Unwarranted Fawning Praise & Legitimate Citizen Gripes

All neatly packaged in today's Standard-Examiner edition

The Standard-Examiner delivers the Emerald City townsfolke a real Std-Ex/Boss Godfrey love-fest this morning, with shameless and sophomoric rah-rah pieces plastered all over its front page, and weaving deeply into its back-pages. Through the magic of our web-based Weber County Forum blog medium, readers around the world can instantaneously learn of the sheer wonderfulness of Boss Godfrey, by simply clicking the links here and here.

"Rising from the dust," blares the Std-Ex main headline. A fair description, we concede. We remember all too well that vacant square block in the heart of our downtown, which languished muddy or dusty for most of Boss Godfrey's 6-year reign. We're grateful that at least that vision won't haunt us for yet one more Halloween.

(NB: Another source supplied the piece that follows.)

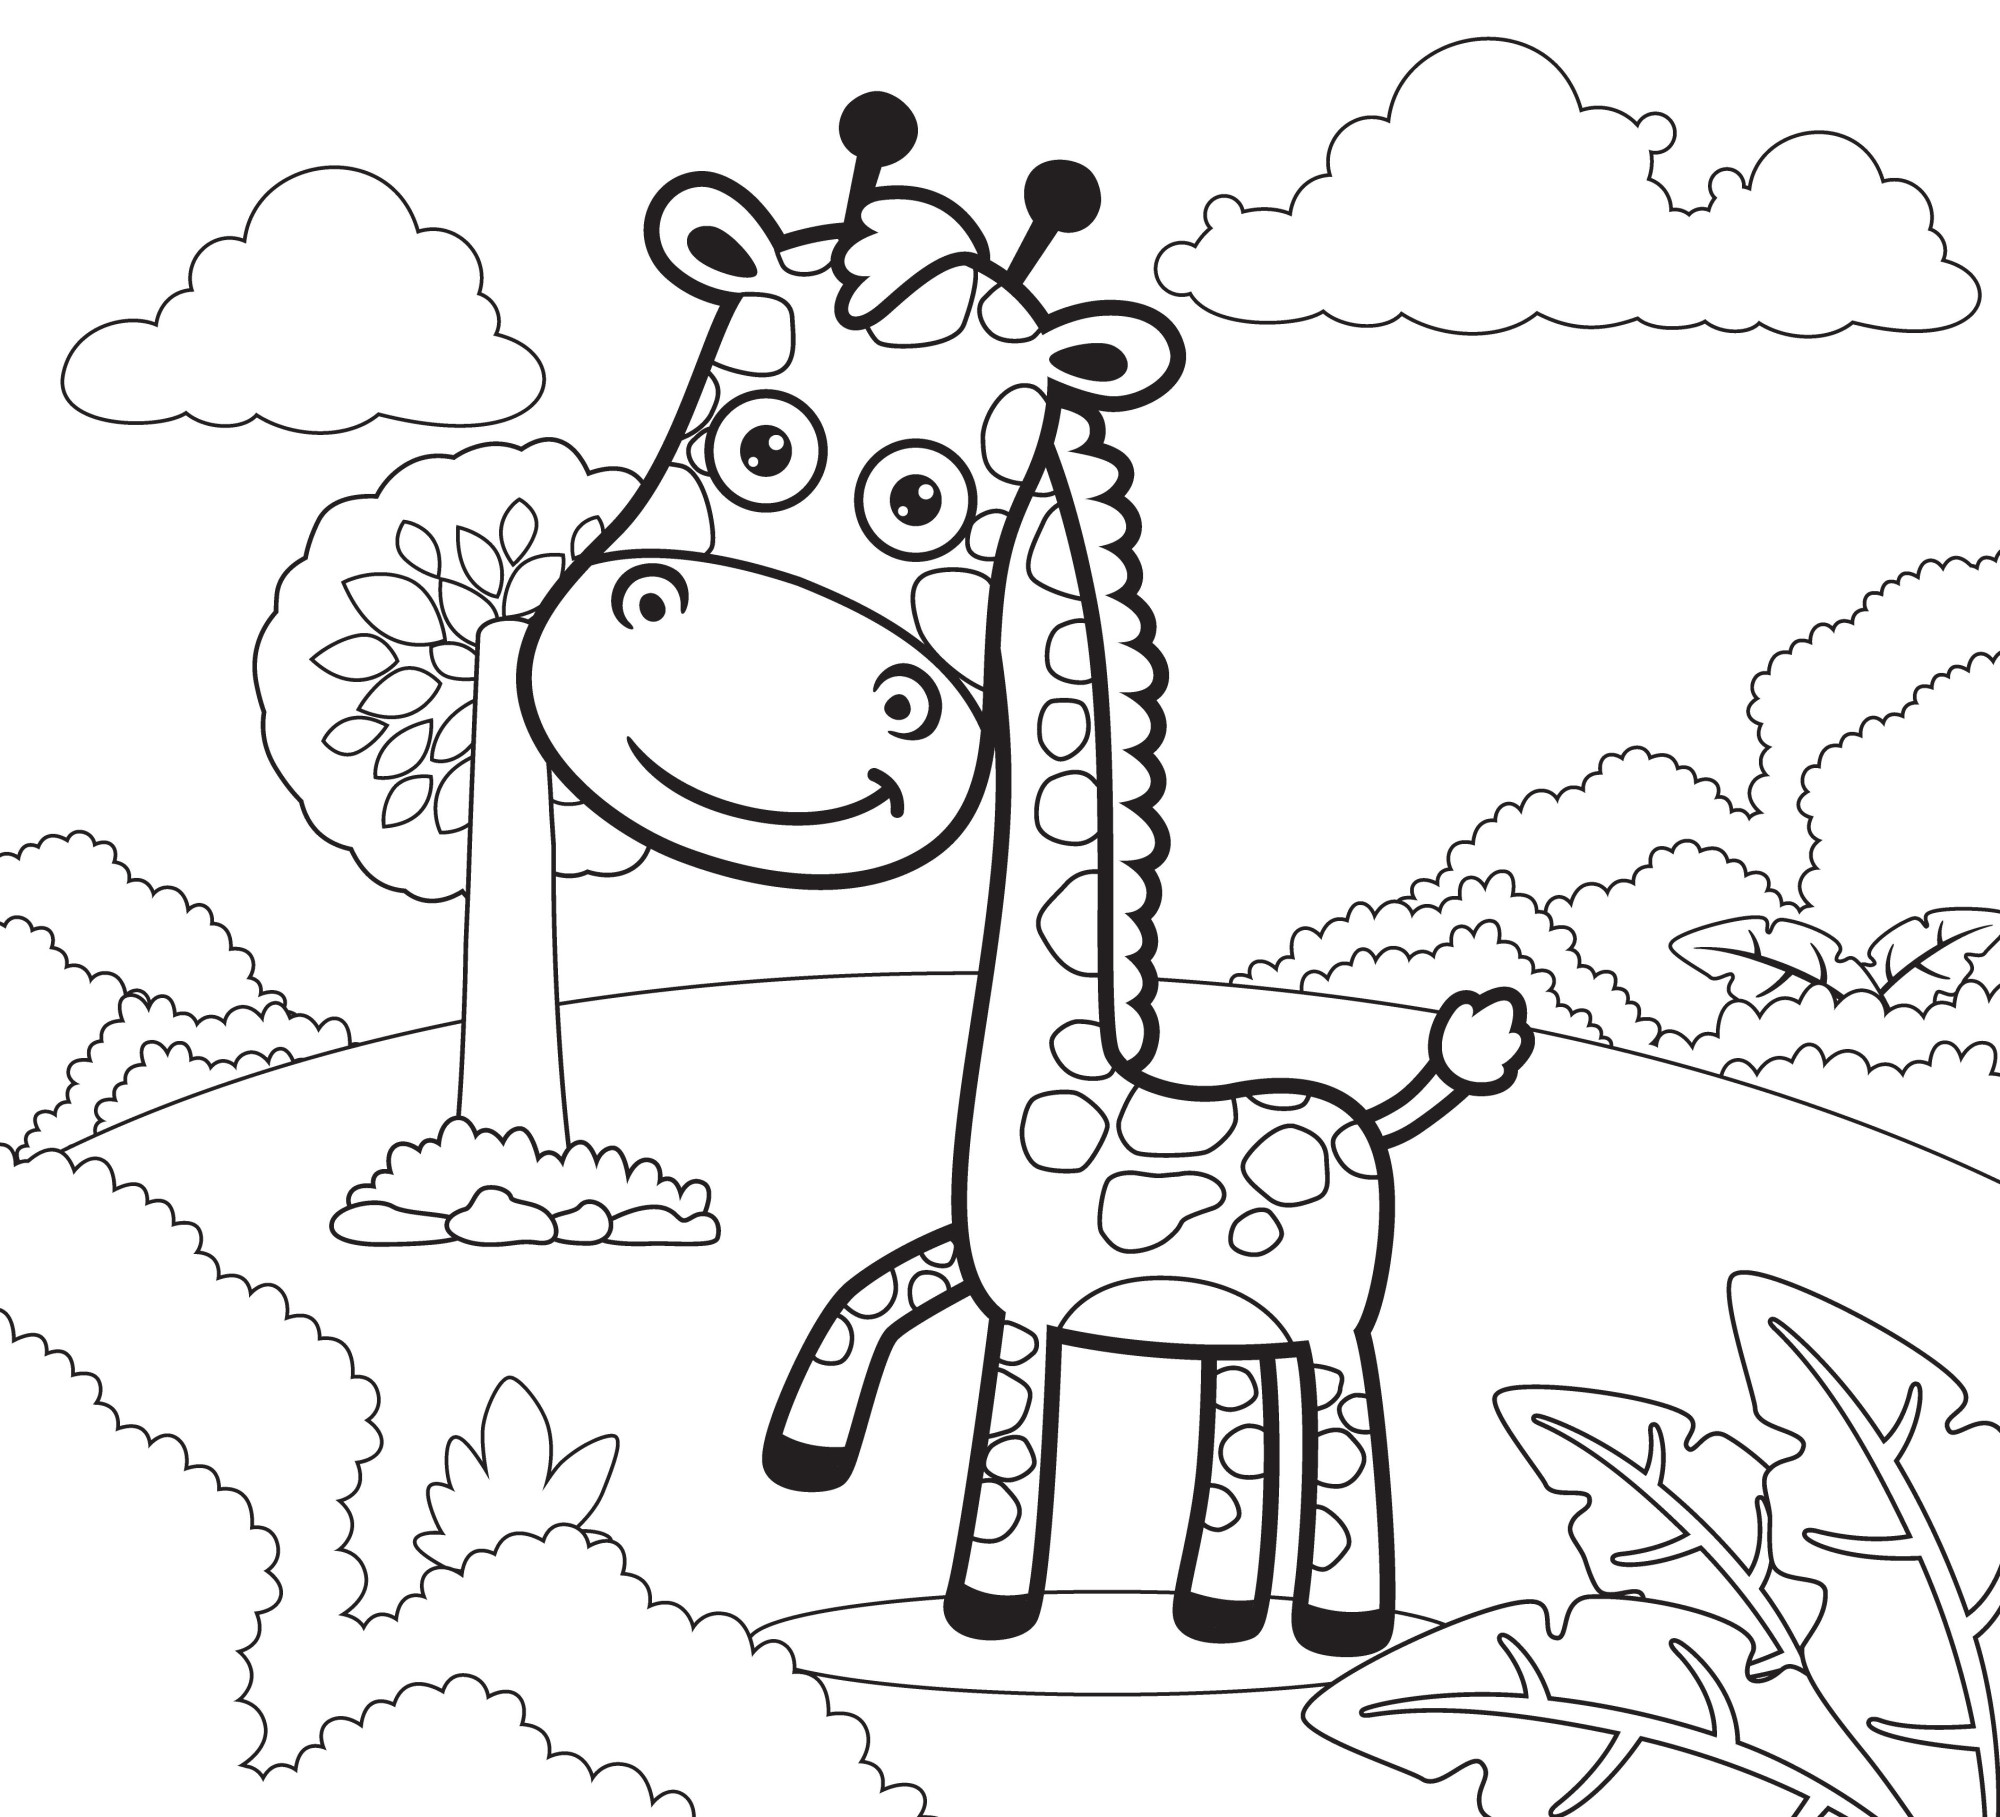 Раскраска для детей: мультяшный жираф на опушке леса
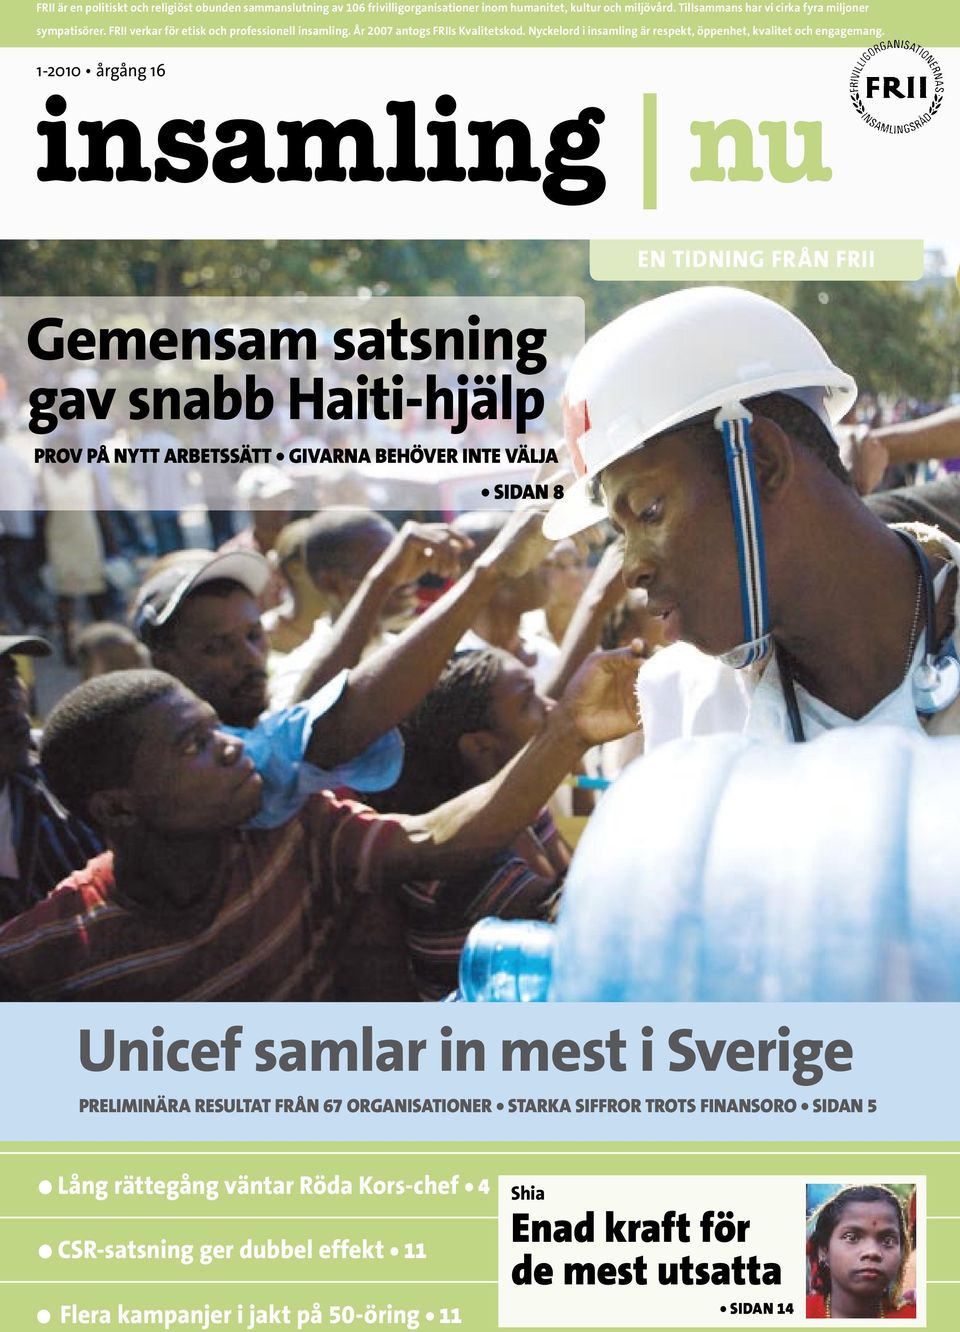 1-2010 årgång 16 insamling nu en tidning från frii gemensam satsning gav snabb haiti-hjälp PROV PÅ NYTT ARBETSSÄTT GIVARNA BEHÖVER INTE VÄLJA SIDAN 8 unicef samlar in mest i Sverige

Yeah. It's nice to finally see some activity downtown. And we're keeping our fingers crossed that it all succeeds, inasmuch as we dumb taxpayers are invested up to our eyeballs in all this.

We suppose the timing of these articles in some way relates to next week's election. Remember, Senate 18 candidate Stuart Reid is the true architect of all this. Reid is the guy who actually comes up with all the good stuff, as Boss Godfrey admits in his more candid private moments. It's a handy division of neoCON labor. Reid does all the scheming. Godfrey claims the visions and takes the credit.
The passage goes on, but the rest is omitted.